Nuance and Powerful Statements: A Review of Dimensions of Citizenship

A detail of "Thrival Geographies (In My Mind I See a Line)" by Amanda Williams and Andres L. Hernandez (MA 2004) in collaboration with Shani Crowe. Courtesy of Tom Harris via Curbed

Curbed reviewed the US Pavilion's exhibition, Dimensions of Citizenshipat the Venice Architectural Biennale calling it "a masterstroke."

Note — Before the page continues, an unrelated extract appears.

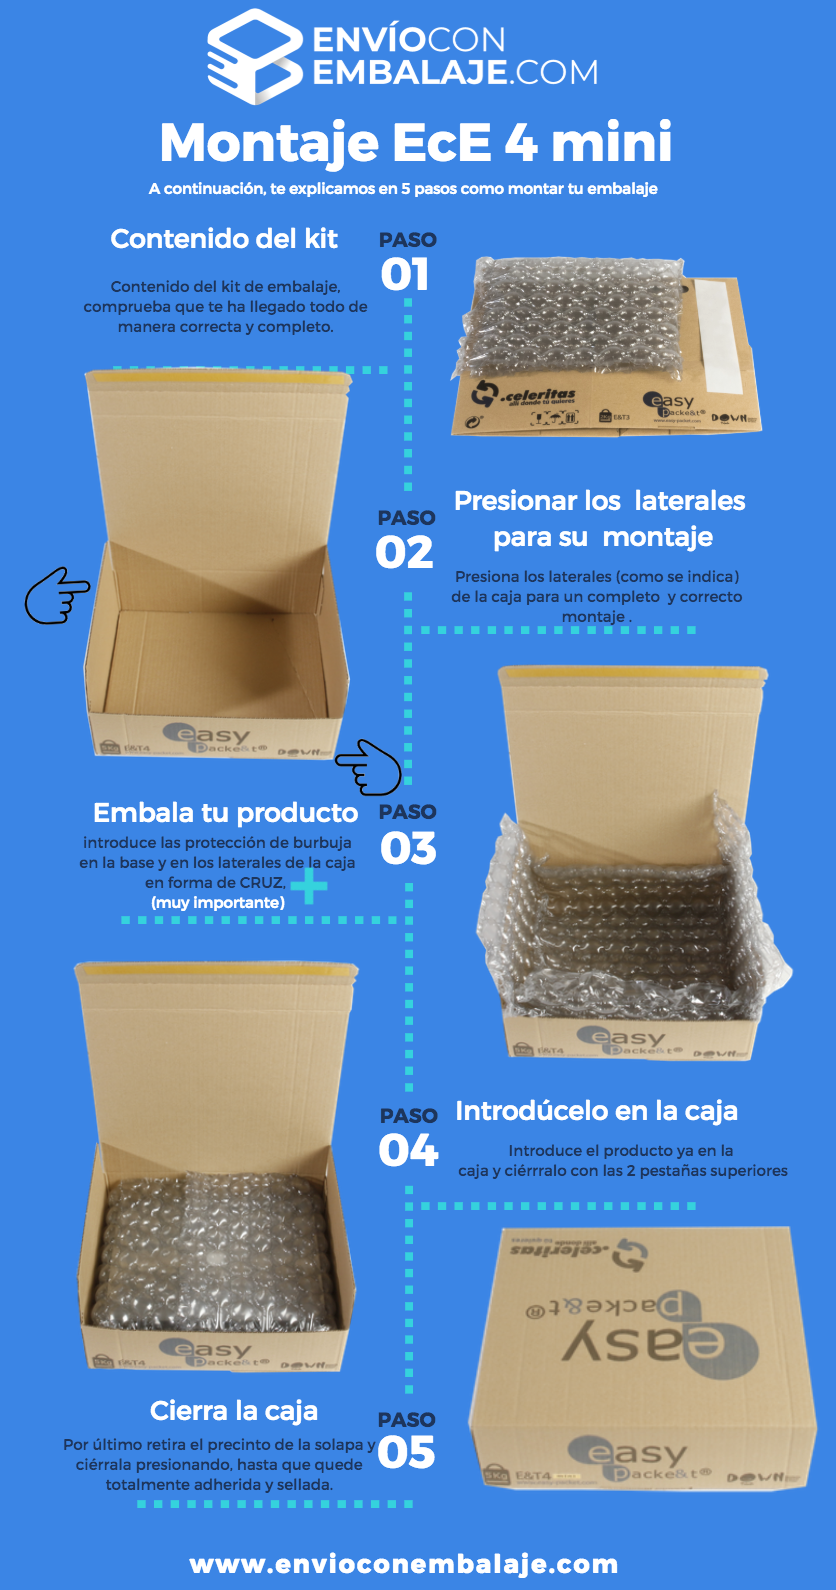 Embalaje y packaging. Diferentes tipos de embalajes ofertados por envioconembalaje: cajas de cartón, vinos, documentos y maletas. Instrucción de montaje.

Thrival Geographies (In My Mind I See a Line) by Associate Professor Andres Hernandez (MA 2004) and Amanda Williams, in collaboration with Shani Crowe is described as "a powerful statement of intent." Exhibition curator and Assistant Professor Ann Lui mentioned how Thrivial Geographies (In My Mind I See a Line) "points to the fact that there should be a pivot from just surviving to actually thriving." Jeanne Gang's (HON 2013) Stone Stories, made out of stones from the Mississippi River landing looks at the historical implications of citizenship and race, with its effort "to accentuate the diversity of stone types that exist in the landing, and in turn reflect the diversity of stories of the people who have walked and stood on it."

The review observes how the exhibition did not name the US President while addressing citizenship and "encompassed a level of nuance that not only greatly surpasses the rhetoric of the 'presidential tweets' mentioned in the exhibition’s introductory panel, but made them almost irrelevant."